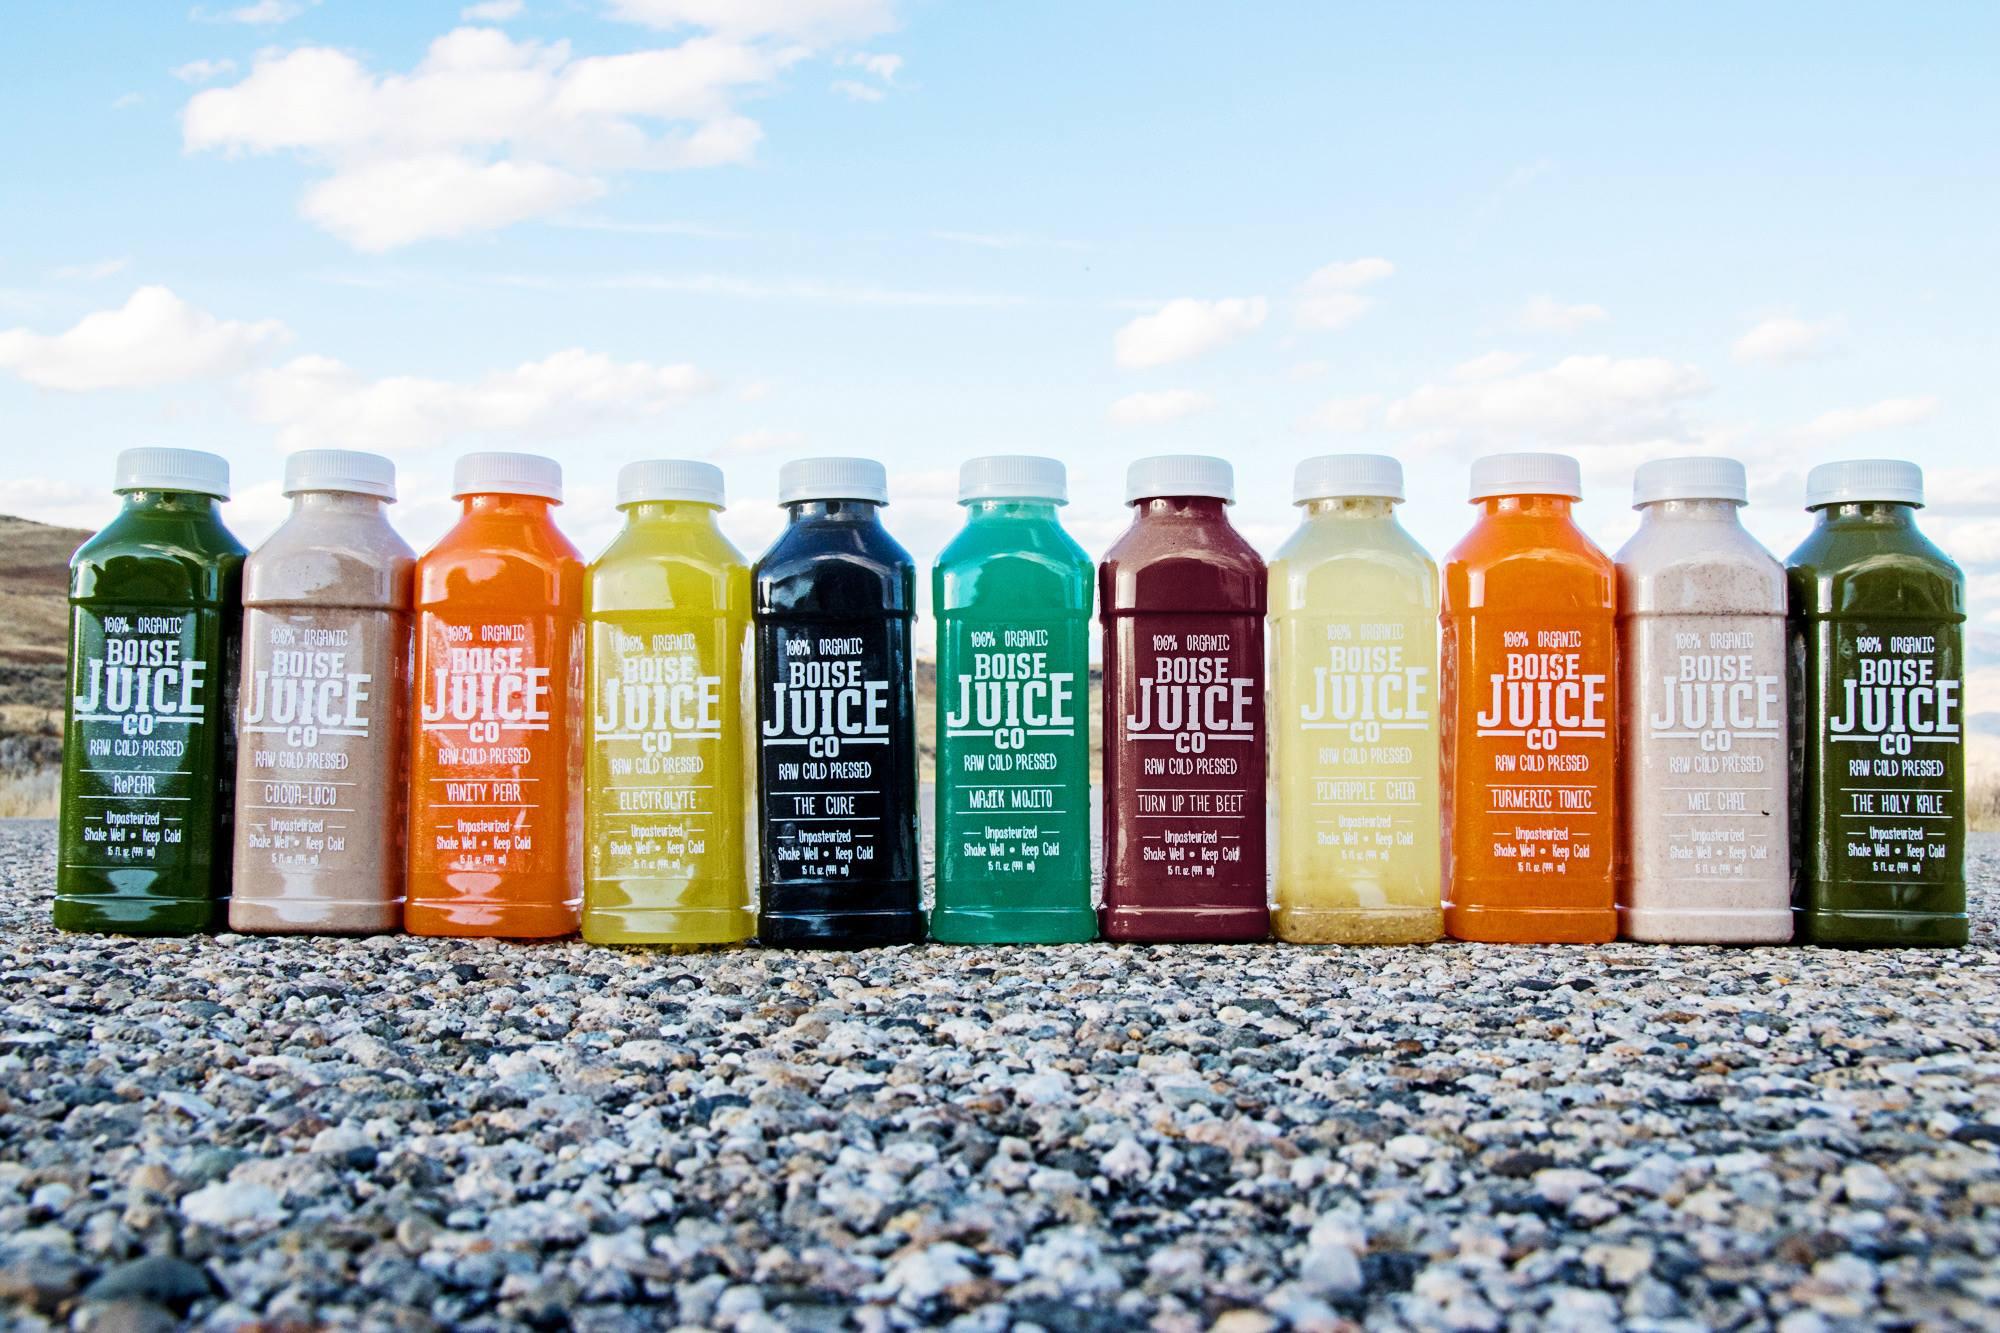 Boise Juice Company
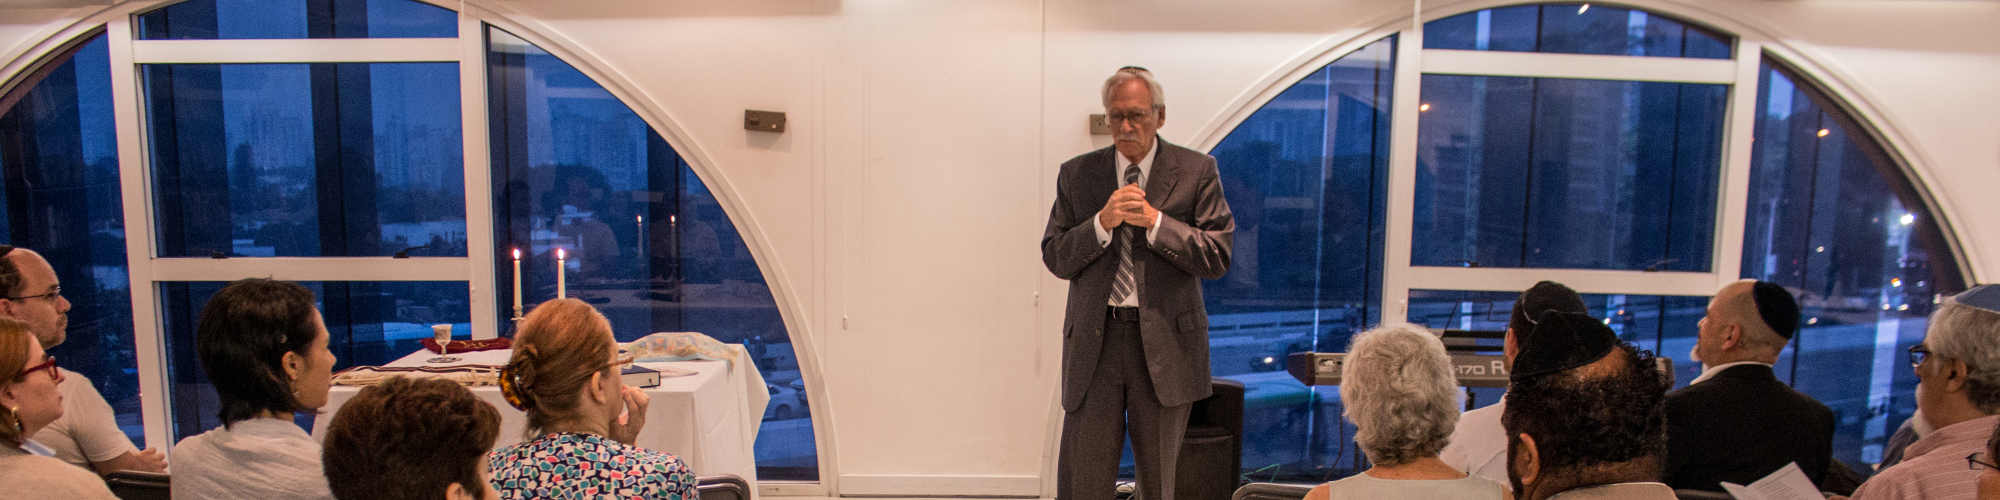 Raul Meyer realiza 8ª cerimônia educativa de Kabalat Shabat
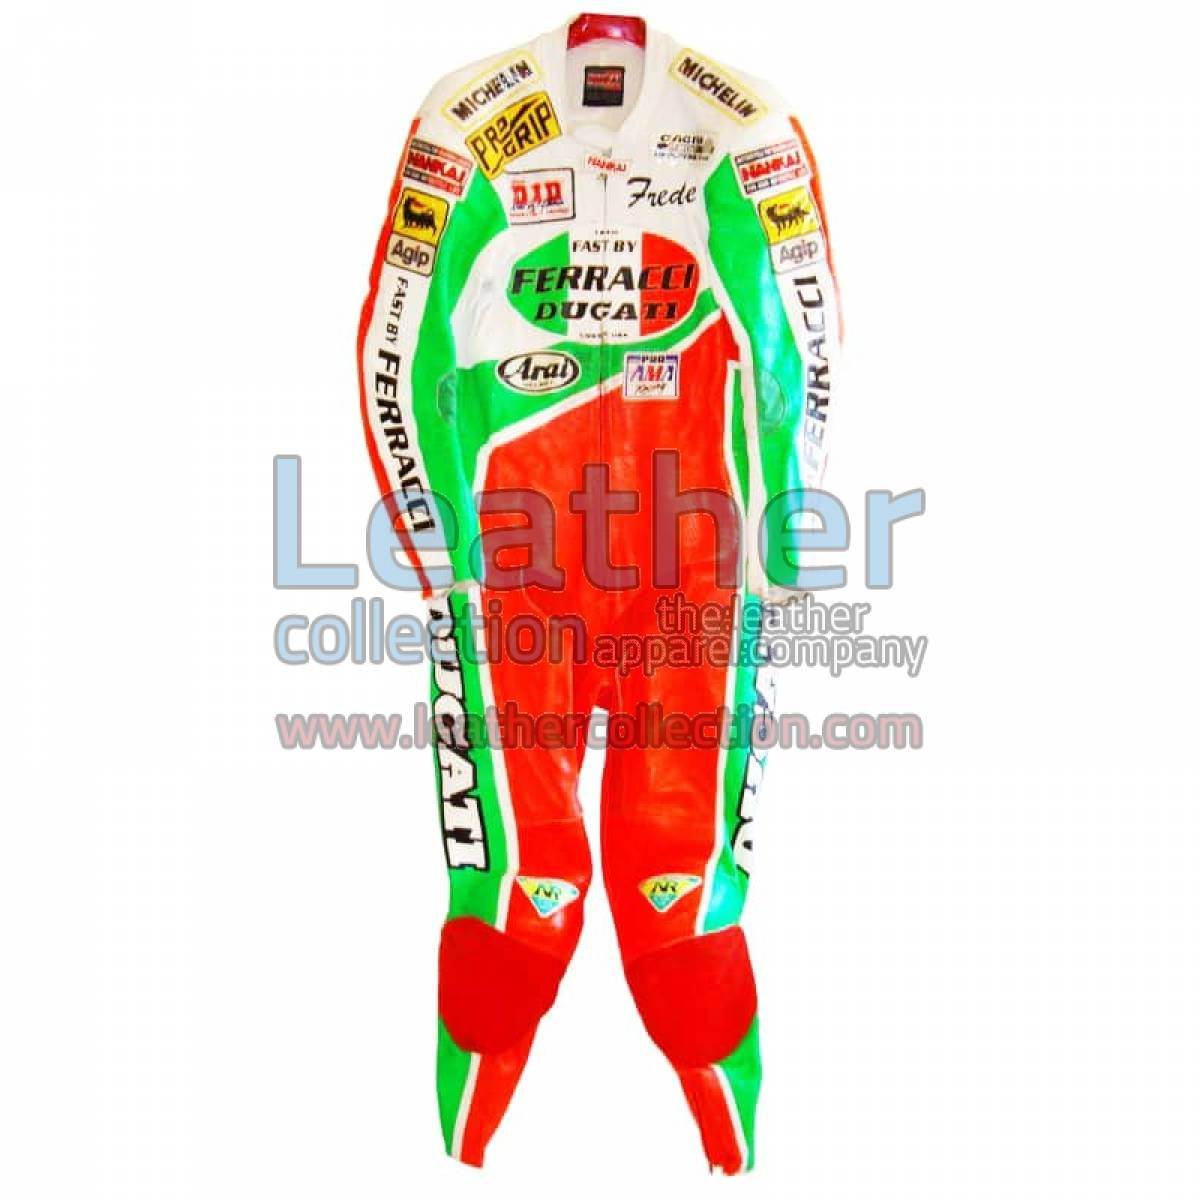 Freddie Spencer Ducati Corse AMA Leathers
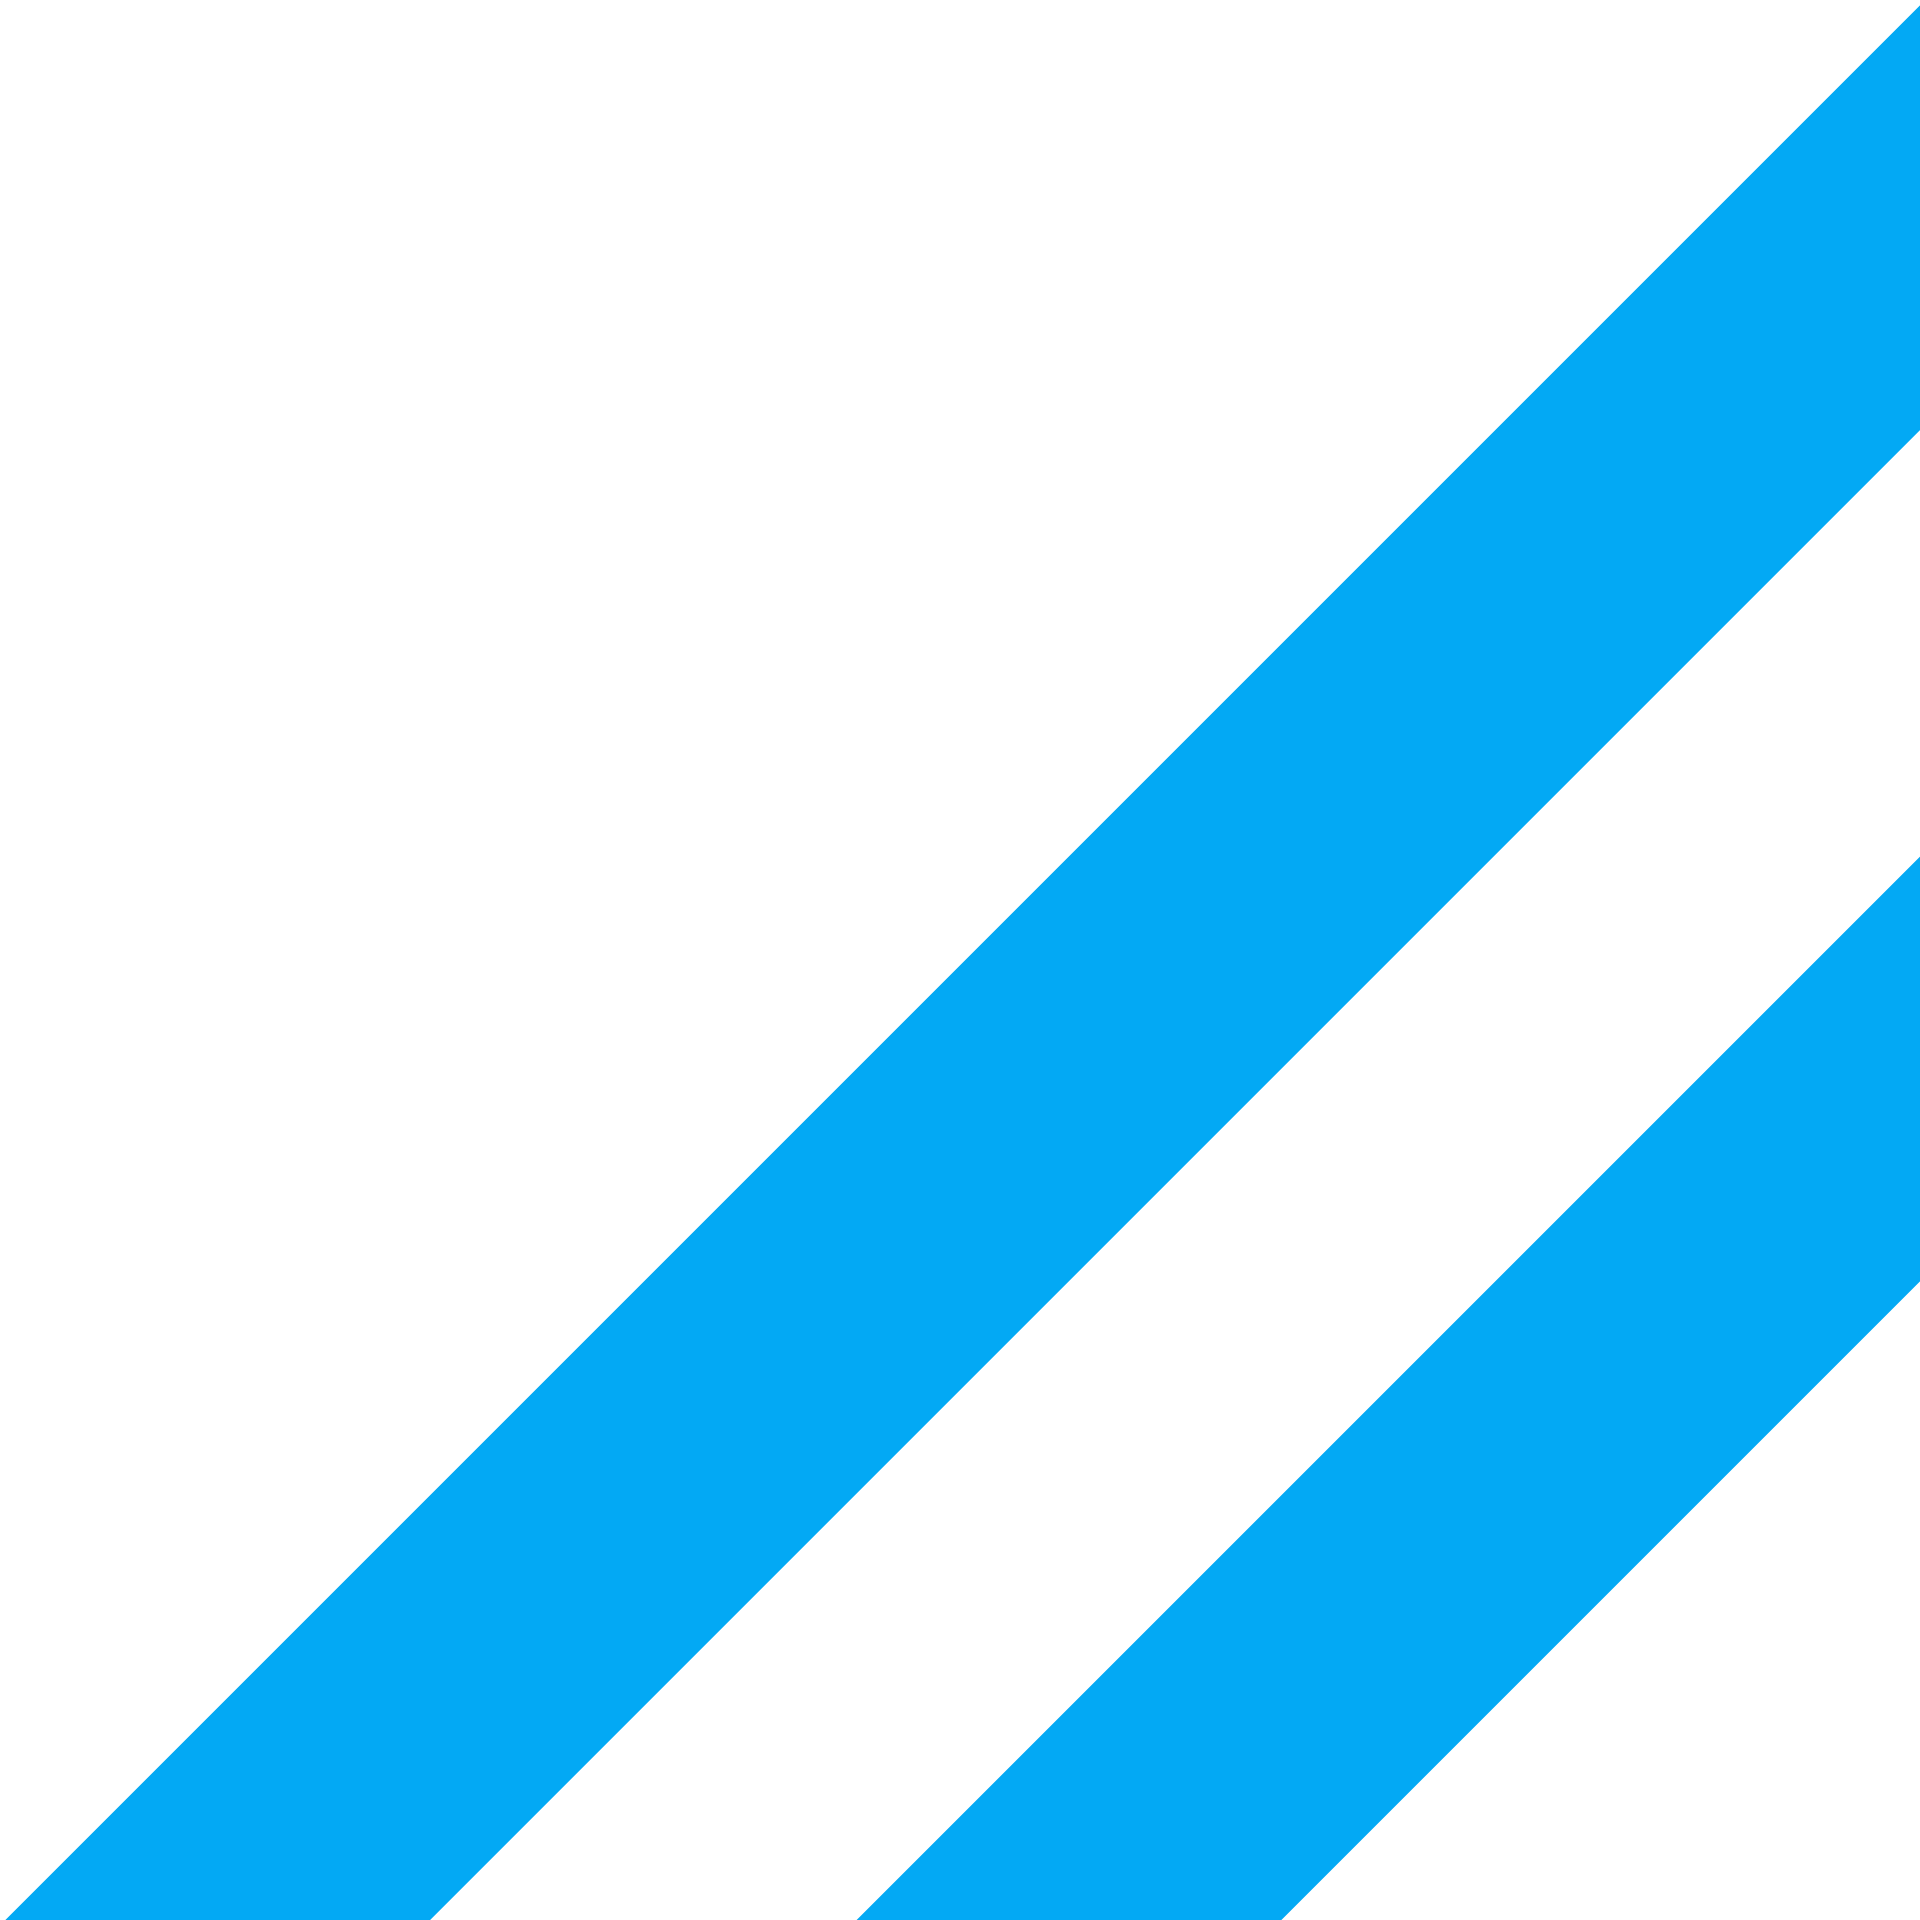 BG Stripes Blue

######

The copy must match every line of the data exactly and contain no pictures.

 Boise Juice Company
 Raul Meyer realiza 8ª cerimônia educativa de Kabalat Shabat
 Freddie Spencer Ducati Corse AMA Leathers
 BG Stripes Blue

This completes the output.